Lucian Freud n'aime pas mentir. Le petit-fils de Sigmund Freud a juré, paraît-il, de toujours peindre ses modèles comme ils sont, et non pas tel qu'on les aimerait. Lorsqu'il a représenté son maître, l'artiste Francis Bacon, à travers son prisme cruel, on a trouvé cela très normal. Après tout, Bacon l'avait bien cherché. Lorsque Freud a peint la souffrance de sidéens, on a jugé ses portraits bouleversants mais très beaux. Quand il s'est agi de personnages célèbres comme le baron Thyssen, qui aime assez la peinture pour ne pas se froisser, les plus gênés ont ri. Mais il fallait que Lucian Freud, décoré de l'Ordre du Mérite et gloire nationale des collections d'art contemporain de Londres, ait atteint une renommée sans pareille pour qu'il ose tremper le visage de la reine d'Angleterre dans son style sévère d'un réalisme sans complaisance.

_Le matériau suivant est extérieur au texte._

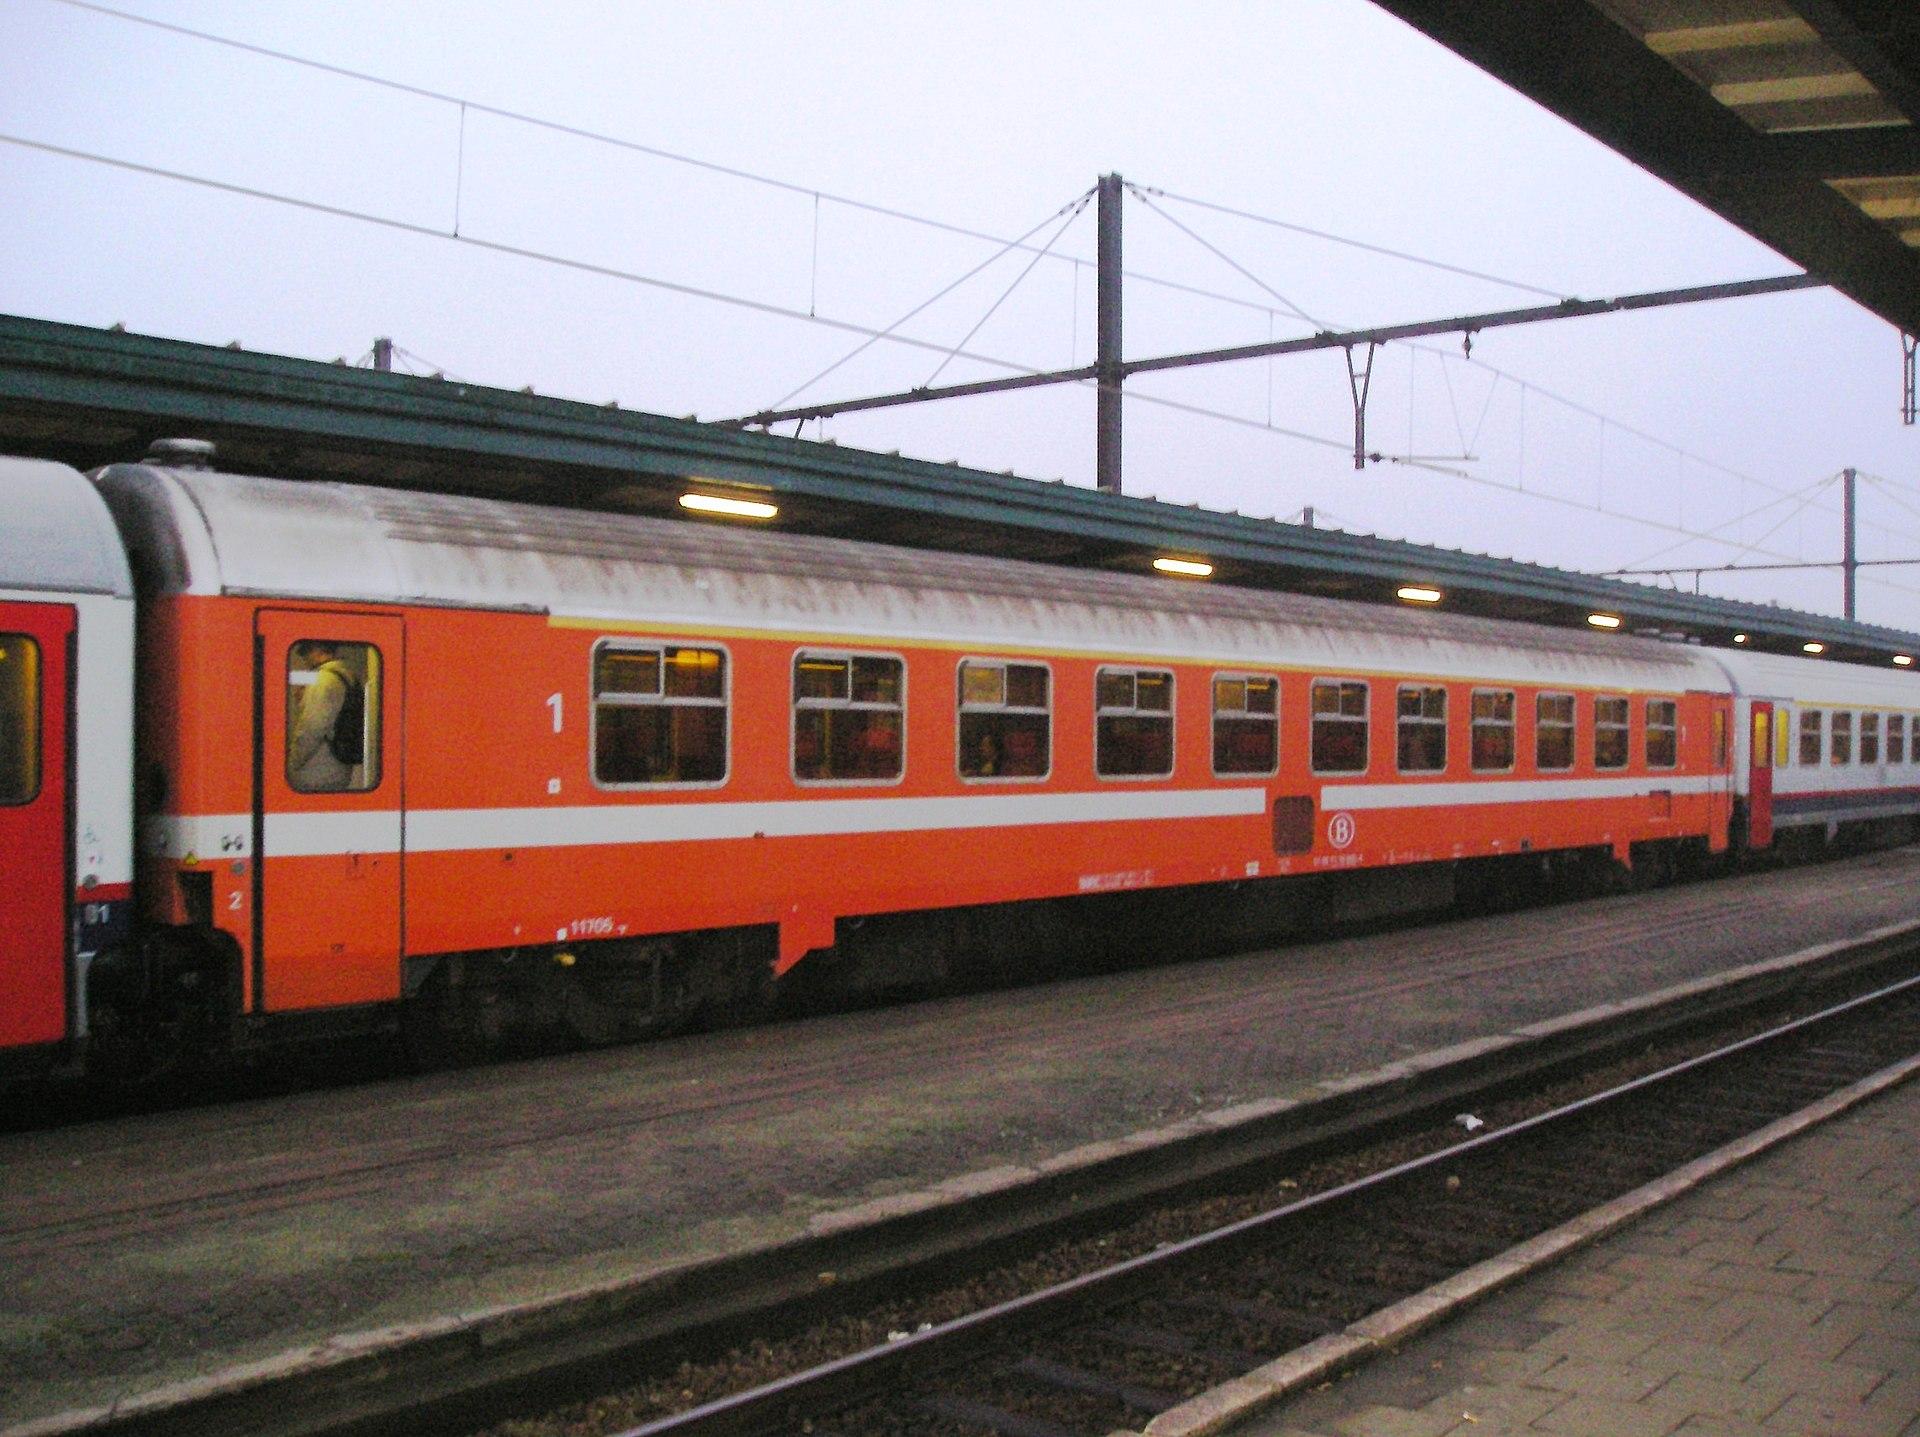 Vehicle - Rail - Passenger Car - UIC - Type Z (Eurofima)

Le portrait d'Elisabeth II commandé à Lucian Freud pour la Royal Collection a été livré à peine sec à Buckingham Palace jeudi dernier. Comme on pouvait s'y attendre, le plus fameux portraitiste anglais n'a pas baissé les yeux devant son sujet. Au premier regard, on hésite entre une pub pour une laque à cheveux destinée aux cylindres argentés du troisième âge et une caricature de la vieille tante qui pique quand elle embrasse. Tout au moins, le tableau prend le contre-pied du portrait royal officiel: la reine a un regard lugubre, les traits tirés, le visage trop maquillé, le menton étrangement noirci par ce que le peintre prétend être le reflet de la robe bleue qu'Elisabeth II portait pendant les poses. Le portrait accablant d'une septuagénaire rongée par les soucis. Et pour couronner le tout, la toile mesure moins de trente centimètres de haut. Tout le contraire des quelque 150 autres tentatives réalisées pour la galerie de Buckingham, où Elisabeth apparaît forcément plus jeune, un peu plus belle. Au pire, on critiquait quelques détails, comme les affreux doigts boudinés peints par Anthony William en 1996 – «de vraies saucisses», raillaient les critiques.

Les journaux anglais sont bouleversés: «D'accord, la reine n'est plus toute jeune, mais elle est plutôt bien pour son âge. Elle a un regard plein d'humour et d'intelligence. Les gens l'acclament quand ils la voient. Rien de cela ne ressort dans le portrait de Freud», remarque le Daily Telegraph, qui finit tout de même par soutenir le peintre. Les milieux artistiques sont enthousiastes. «C'est une contribution à l'iconographie royale qui fera date», prédit le directeur de la National Portrait Gallery à Londres. «L'œuvre est un portrait psychologique qui intrigue et qui nous interroge.» Le critique d'art du Guardian semble avoir la clé: «C'est le portrait d'une femme consciente de ses responsabilités. Elle regarde ses sujets comme si nous n'étions rien et qu'elle n'était pas grand-chose non plus. C'est le meilleur portrait royal depuis 150 ans!»

La reine a forcément consenti à sa mise à nu. Elle n'a pas encore dit publiquement si le cadeau de Noël de Lucian Freud était à son goût. Mais rien n'a été fait à son insu. Entamé par le secrétaire privé de la reine, Robert Fellows, qui connaît bien le peintre, les négociations entre Lucian Freud et Elisabeth II ont duré six ans. L'artiste (qui avait refusé de peindre Diana) exigeait que la reine se déplace dans son atelier et qu'elle se soumette à 72 poses. Sa Majesté ne tolérait pas plus de cinq séances et refusait de se déplacer. Finalement, l'emploi du temps serré des deux personnalités a imposé le calendrier des entrevues, qui ont eu lieu de mai 2000 à samedi dernier, en terrain neutre, à Saint James.

A 76 ans, la Reine savait que le peintre de 79 ans n'allait pas mettre de l'eau dans son huile. Afficher ainsi sa vieillesse, son accablement et ses faiblesses physiques est reconnu comme une preuve de courage. Et un grand pas à la Cour: en 1969, l'entourage de la reine hésitait à laisser la BBC filmer Elisabeth touiller la salade, de peur qu'une part de mystère ne se dissipe.

La reine a-t-elle décidé de ne plus faire rêver? Le moment est étrangement choisi. L'an prochain, elle fêtera ses 50 ans de règne. De grandes festivités sont prévues. Notamment l'inauguration d'un nouvel espace visitable à Buckingham, où sera exposée la riche collection de peintures royales, avec en première ligne, le plus petit et le moins complaisant des portraits royaux.

Tout se passe comme si, fatiguée de tout ce tralala, la fille de George VI avait juste envie d'être elle-même, une dernière fois.